Interestingly, an interplay between SRSF‐1 and insulin receptor in pancreatic cells have been demonstrated. Malakar et al.¹⁰ found that that insulin signaling, through activation of the Ras‐MAPK pathway, upregulates the splicing factor SRSF1 and induces inclusion of IR exon 11 to generate elevated levels of the IR‐β isoform.¹⁰

How this mechanism can be present in PC cells is not well known but what we determined is that SRSF1 expression is associated with worse prognosis and higher proliferation, as determined by the increase expression of AR, KI‐67 and vascularization (MVD⁺).

This latter IHC finding is a is a quantitative measurement of angiogenesis. Although previous studies reported conflicting results as predictive value in PC,³⁰, ³¹ recently Yuri et al.³² demonstrated that MVD number significantly influence response to systemic therapy in metastatic PC.

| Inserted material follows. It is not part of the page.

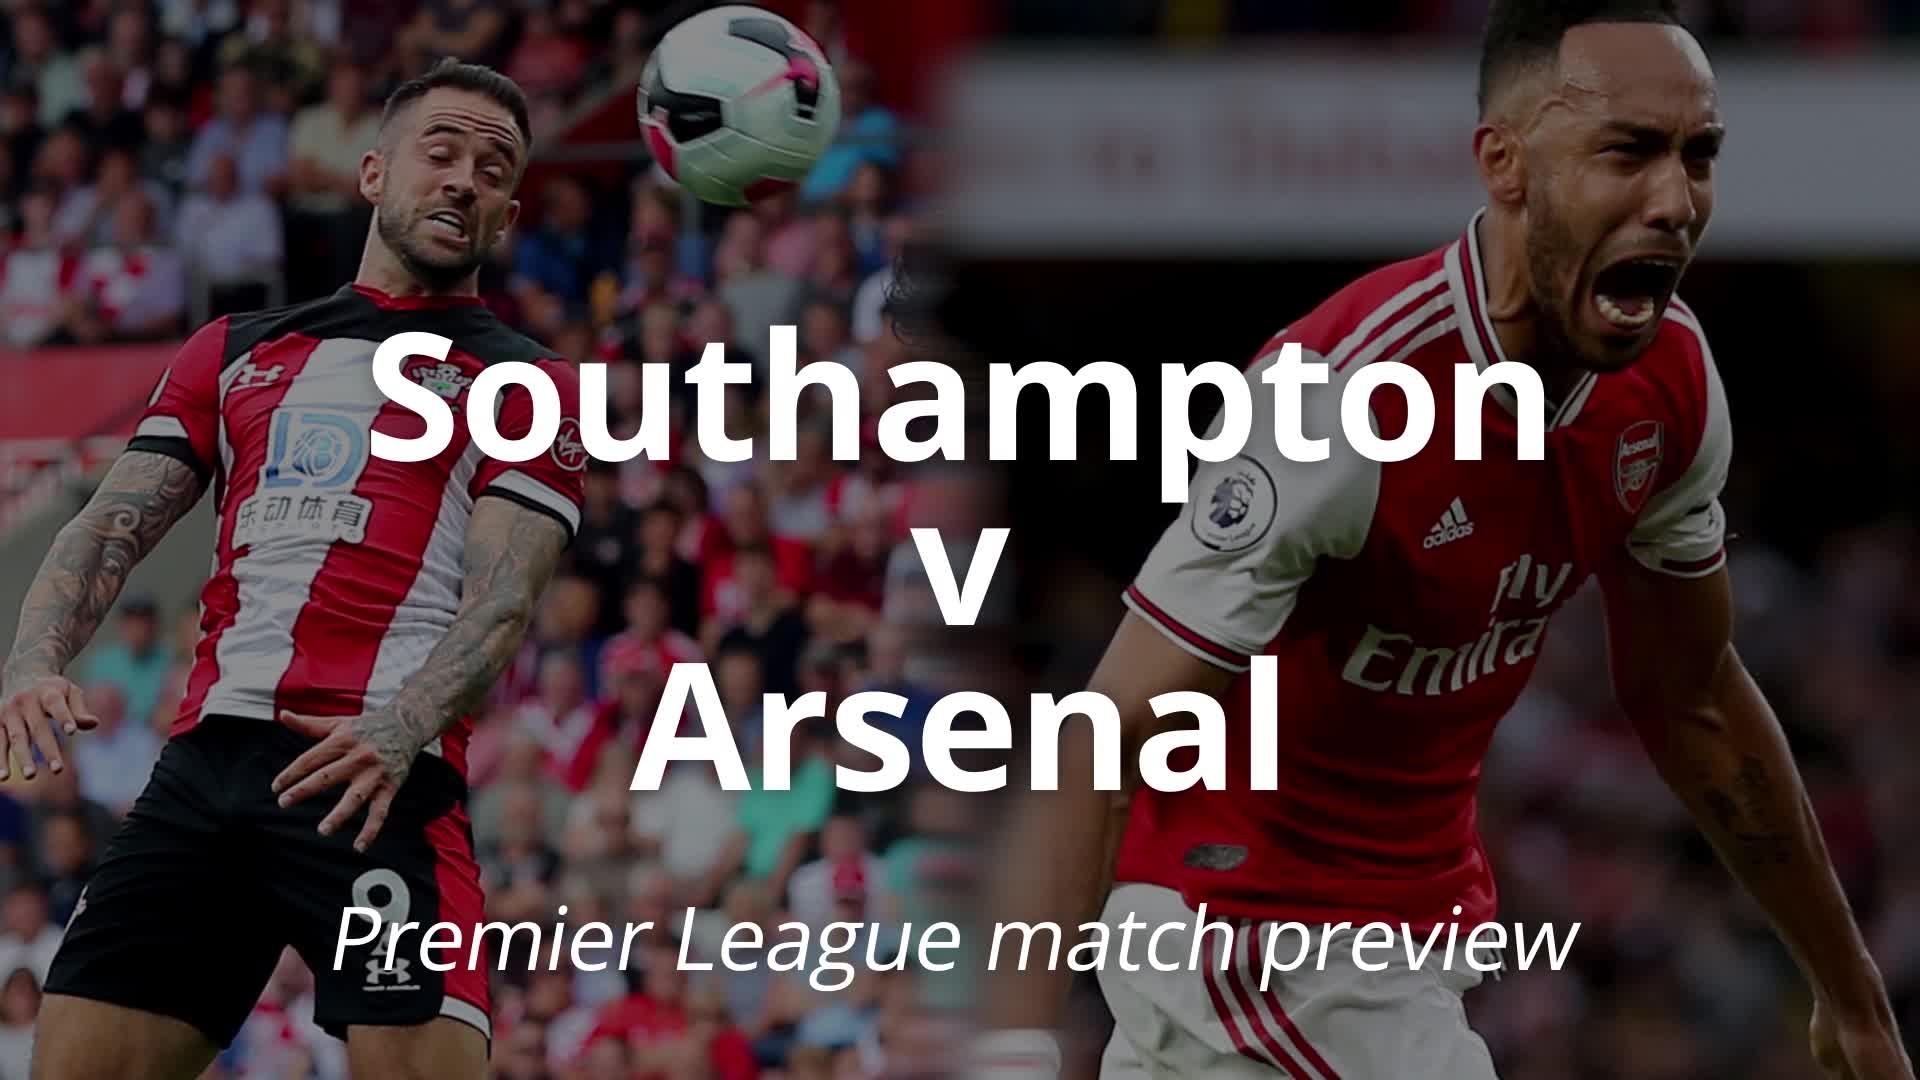 Premier League match preview: Southampton v Arsenal

Despite we could not speculate a potential a downstream role of SRSF‐1 and PC aggressiveness in diabetic patients, we demonstrated that in this sub‐cohort of patients, SRSF‐1 positivity was related to greater cell (Ki‐67⁺) and vascular (MVD⁺) proliferation while in nondiabetic patients SRSF‐1 positivity is associated with IR‐α. Although we are not able to verify if this latter finding may be related to a condition of prediabetes.

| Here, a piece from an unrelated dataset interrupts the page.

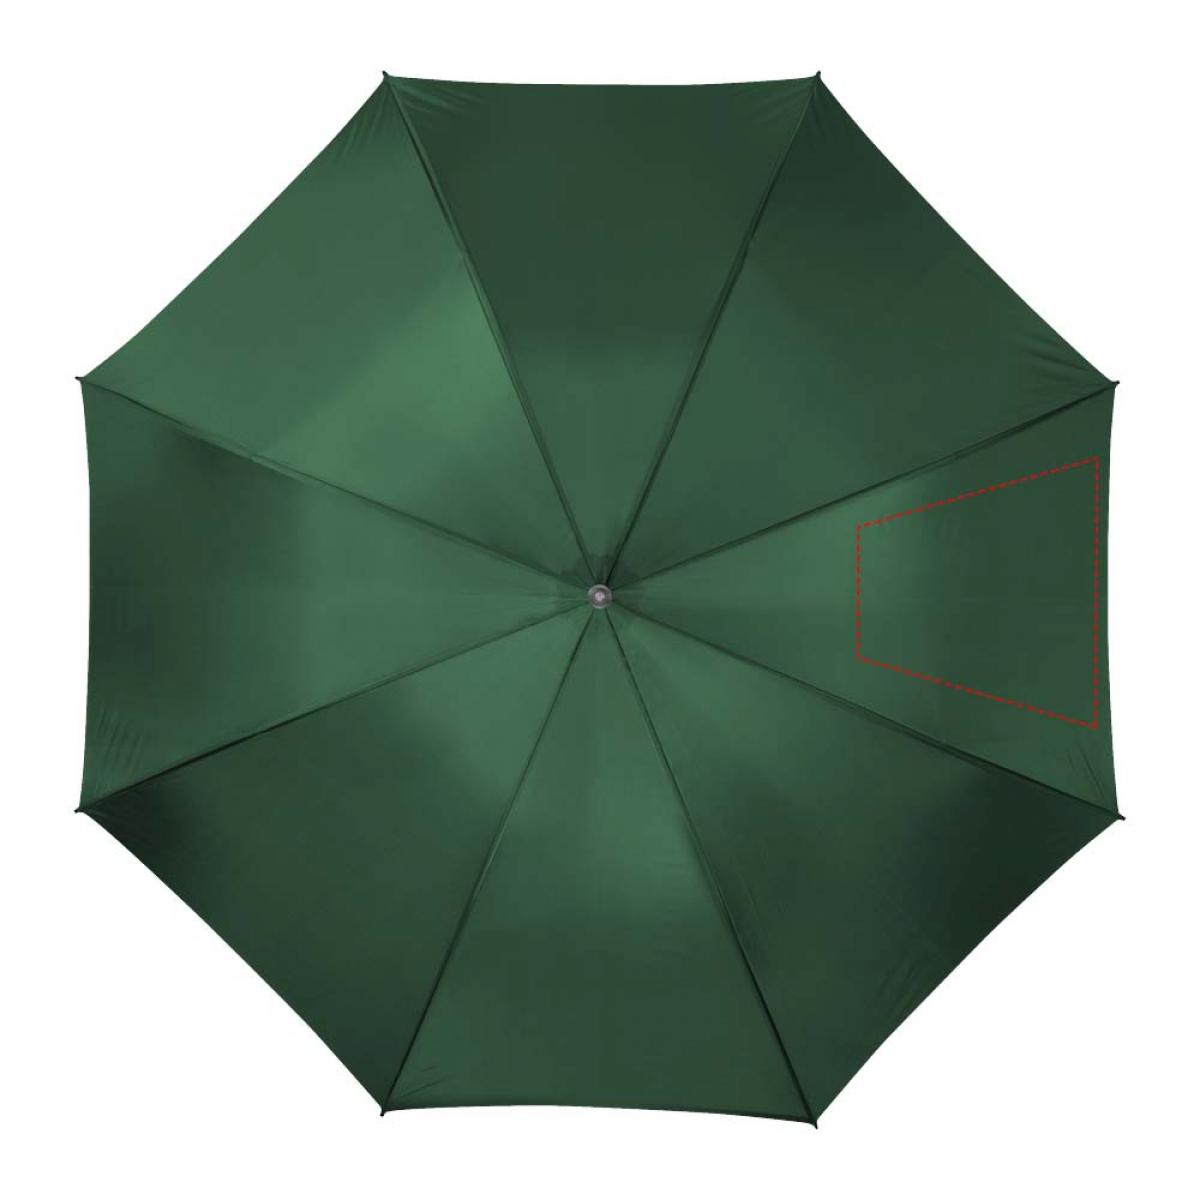 Paraplu met metalen stok - 3de paneel

Before concluding we wish to underline some limitations, including the low number of patients that was able to complete survival including patients with/without diabetes and positivity at SFRS‐1 and MVD; the lack of information about drugs used for diabetes. Finally, we did not assess mRNA expression to better understand signaling of SRSF‐1 and PC related proteins.

5. CONCLUSION

PC exhibits widespread heterogeneity in protein expression. In particular, the expression of the SRSF‐1 protein and of the MVD are associated with a worse prognosis and in particular with a greater cell proliferation. These results, although preliminary, may offer new future scientific insights with the aim of highlighting possible genetic alterations linked to a greater expression of SRSF‐1 and associated with a worse prognosis.

CONFLICT OF INTEREST

The authors declare that there are no conflict of interests.

Broggi G, Lo Giudice A, Di Mauro M, et al. SRSF‐1 and microvessel density immunohistochemical analysis by semi‐automated tissue microarray in prostate cancer patients with diabetes (DIAMOND study) The Prostate. 2021;81:882‐892. 10.1002/pros.24185

DATA AVAILABILITY STATEMENT

The data presented in this study are available on request from the corresponding author.